Les combats de Tayouné ont eu lieu en marge d'une mobilisation à laquelle avaient appelé Amal et le Hezbollah contre le juge Tarek Bitar, en charge de l'instruction sur la double explosion du 4 août 2020 au port de Beyrouth, qu'ils accusent de politiser l'enquête. Parmi les sept morts tombés dans ces combats armés, trois étaient membres d'Amal et trois autres du Hezbollah, la dernière victime étant une civile. Depuis, le Hezbollah et les FL se livrent à une surenchère médiatique, par l'intermédiaire notamment de leurs chefs respectifs, Hassan Nasrallah et Samir Geagea. L'affaire Tarek Bitar a provoqué la crise la plus grave pour le gouvernement de Nagib Mikati, formé en septembre après 13 mois d'impasse politique et qui a dû suspendre ses réunions auxquelles refusent de participer les ministres chiites, de crainte d'une implosion du cabinet.
Une promesse de solution
C'est dans une tentative de sortir de cette impasse, mais surtout pour afficher le refus de l'Eglise maronite de toute politisation de l'affaire de Tayouné, que le patriarche a effectué une tournée auprès des pôles du pouvoir. Il s'est d'abord entretenu avec Nabih Berry. S'exprimant depuis Aïn el-Tiné, le prélat a dénoncé la convocation "condamnable", par le tribunal militaire, de Samir Geagea . "Je fustige cette démarche, celle de convoquer une personnalité à cause de gens affiliés à un parti qu'elle dirige", a-t-il dit, assurant ne pas être en possession de toutes les données dont dispose la justice et ne pas avoir évoqué les détails de cette affaire avec M. Berry. "Nous voulons une justice libre et indépendante, dans le vrai sens du terme, une justice qui agit loin de toute pression politique, religieuse ou confessionnelle", a martelé Mgr Raï. Il a, en outre, réitéré sa mise en garde contre un "troc" entre l'enquête sur le drame survenu au port de Beyrouth et celle portant sur les incidents de Tayouné, assurant que "tout le monde, y compris Nabih Berry, refuse cette éventualité".

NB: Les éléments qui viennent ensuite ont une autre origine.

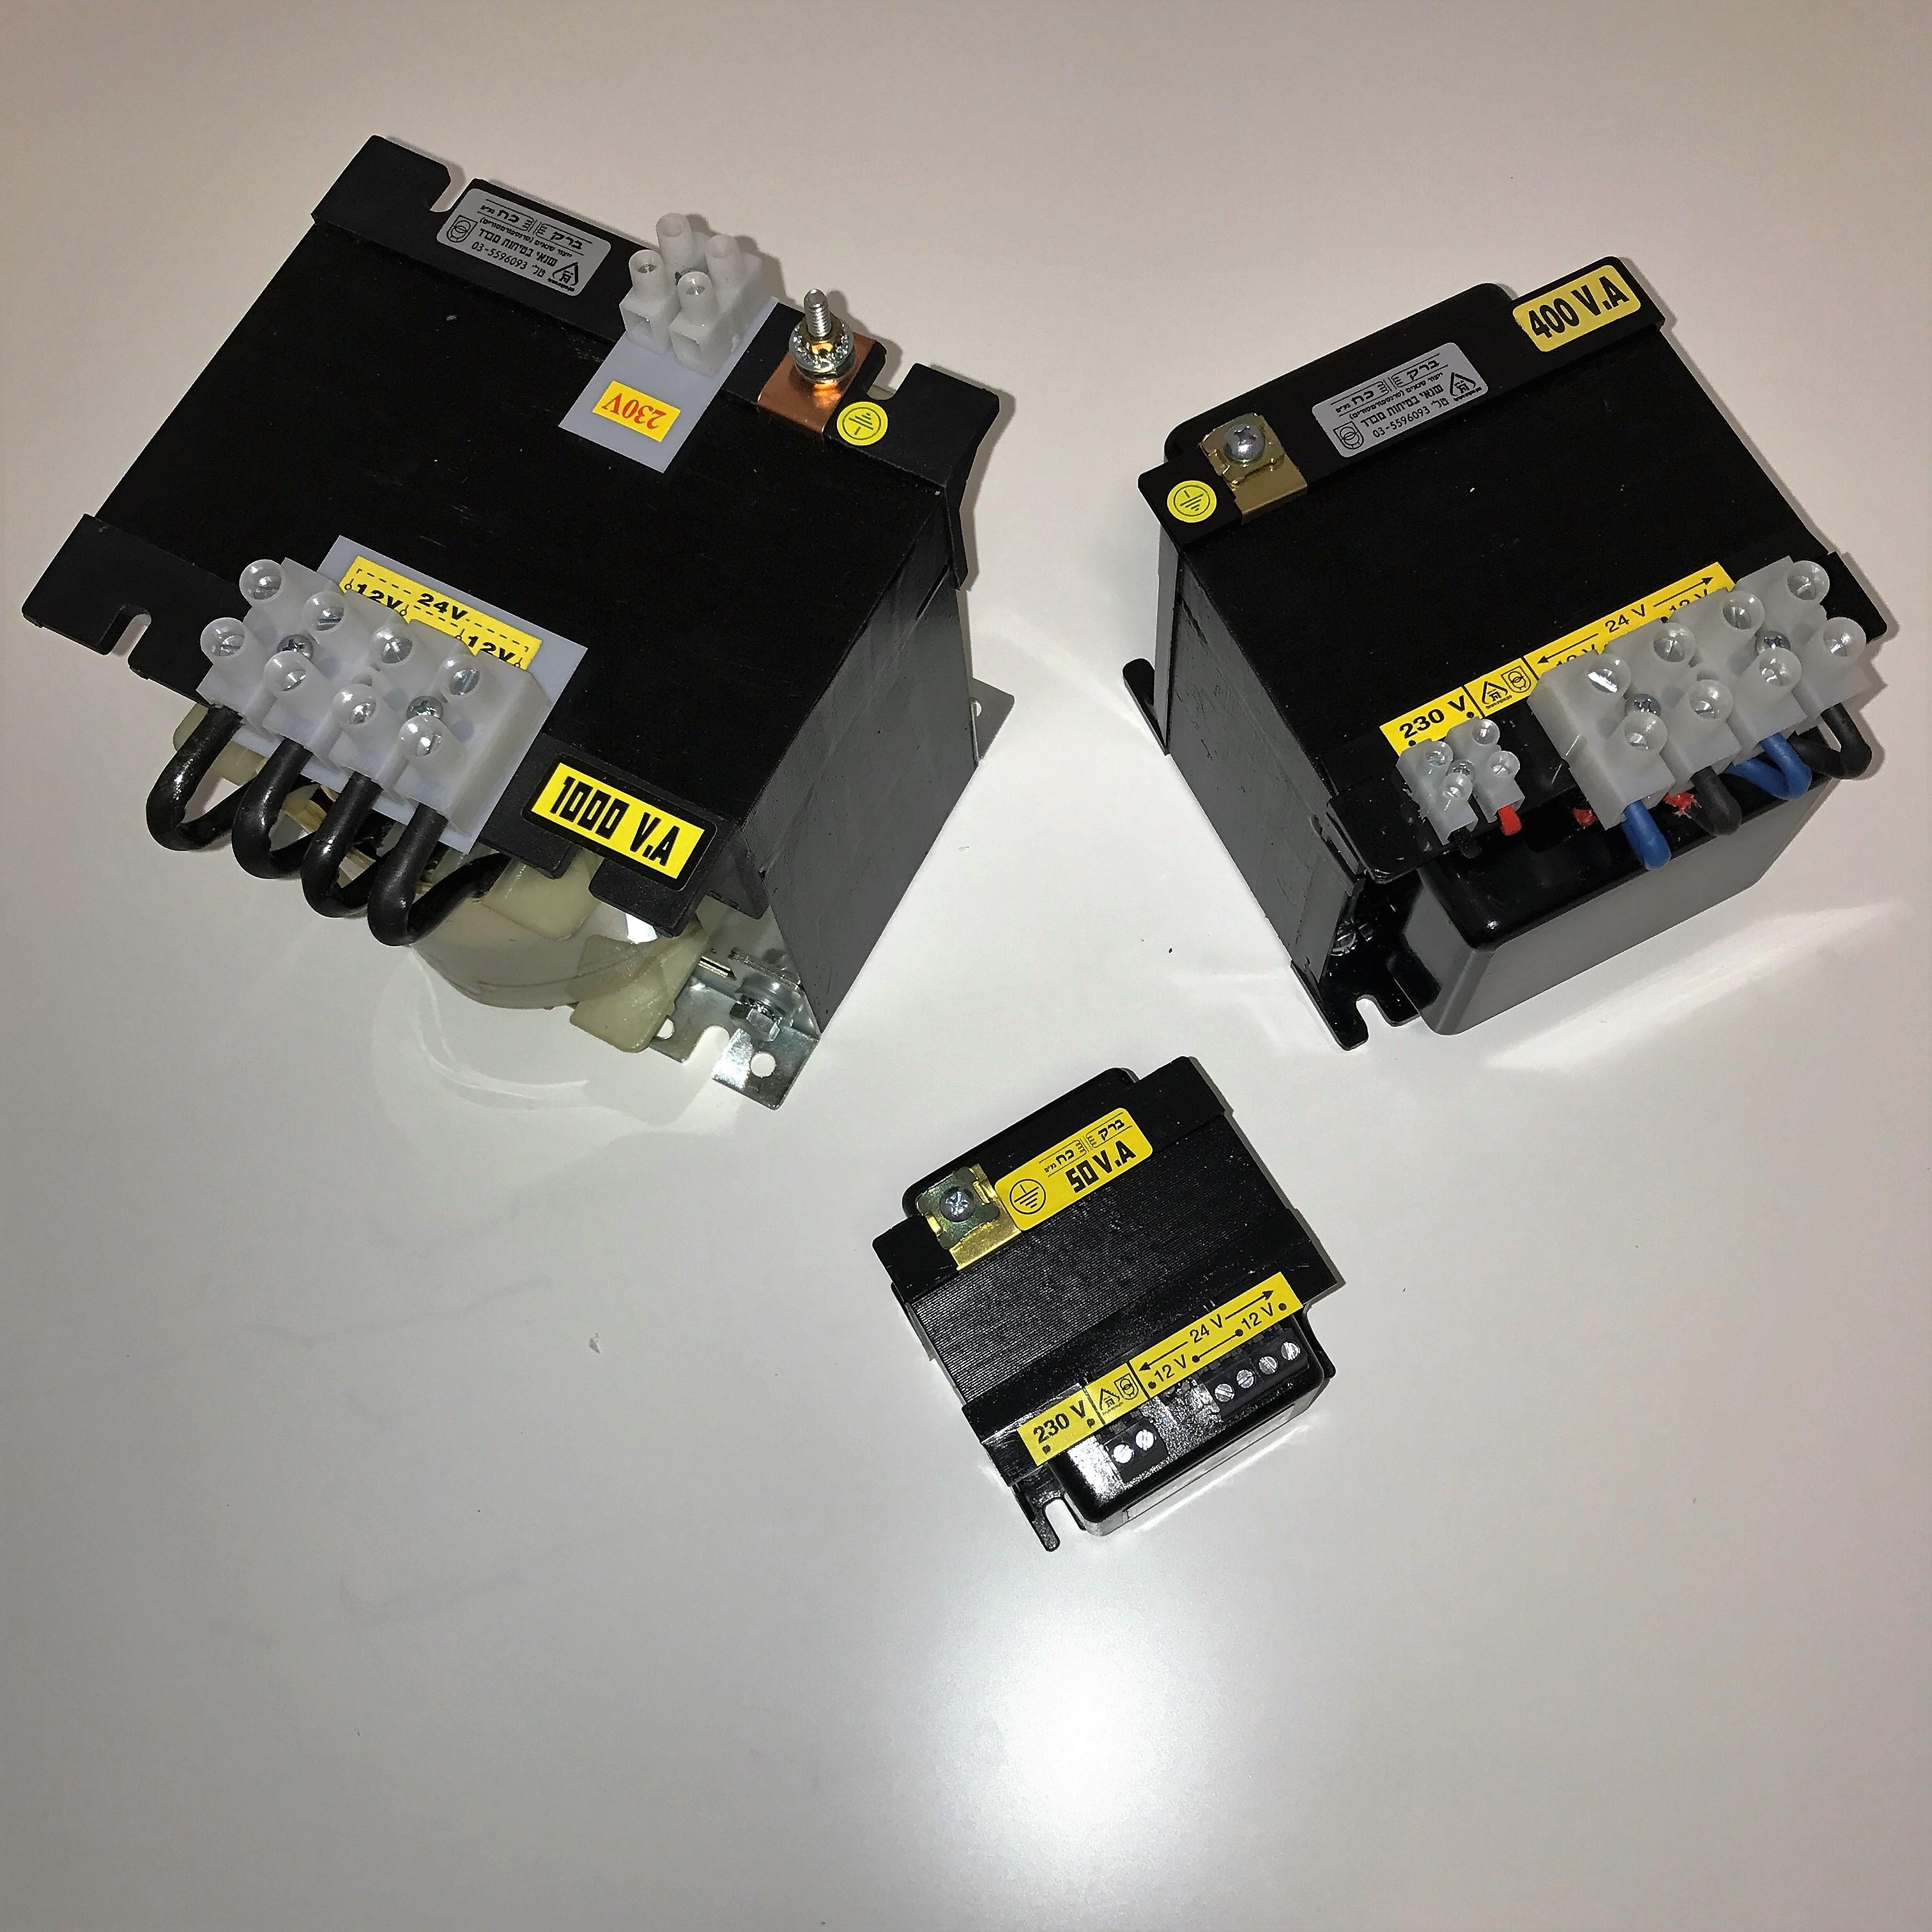 שנאי מבדל בהספק 10000VA במתחים 230V-12V

Le prélat a, dans ce contexte, indiqué que le président de la Chambre a des propositions de solutions (pour sortir de la crise actuelle). "J’œuvrerai avec les autorités concernées pour que ces propositions voient le jour parce que les choses ne peuvent plus se poursuivre dans ce sens, alors que le Liban et son peuples se meurent, et que les institutions de l’État sont en déliquescence", a-t-il affirmé. Selon des sources de Aïn el-Tiné citées par notre correspondante Hoda Chédid, le patriarche a obtenu une promesse de la part de Nabih Berry portant sur une solution "dont le point de départ serait le Parlement".
"La solution ne peut être que politique"
Le chef de l’Église maronite a par la suite été reçu par le Premier ministre, Nagib Mikati. A l'issue de la réunion, Béchara Raï a estimé qu'il est "impossible de continuer de bloquer les institutions de l'Etat, notamment devant la communauté internationale". "Je me suis entendu avec MM. Berry et Mikati : il faut revenir à la Constitution pour résoudre toutes les crises".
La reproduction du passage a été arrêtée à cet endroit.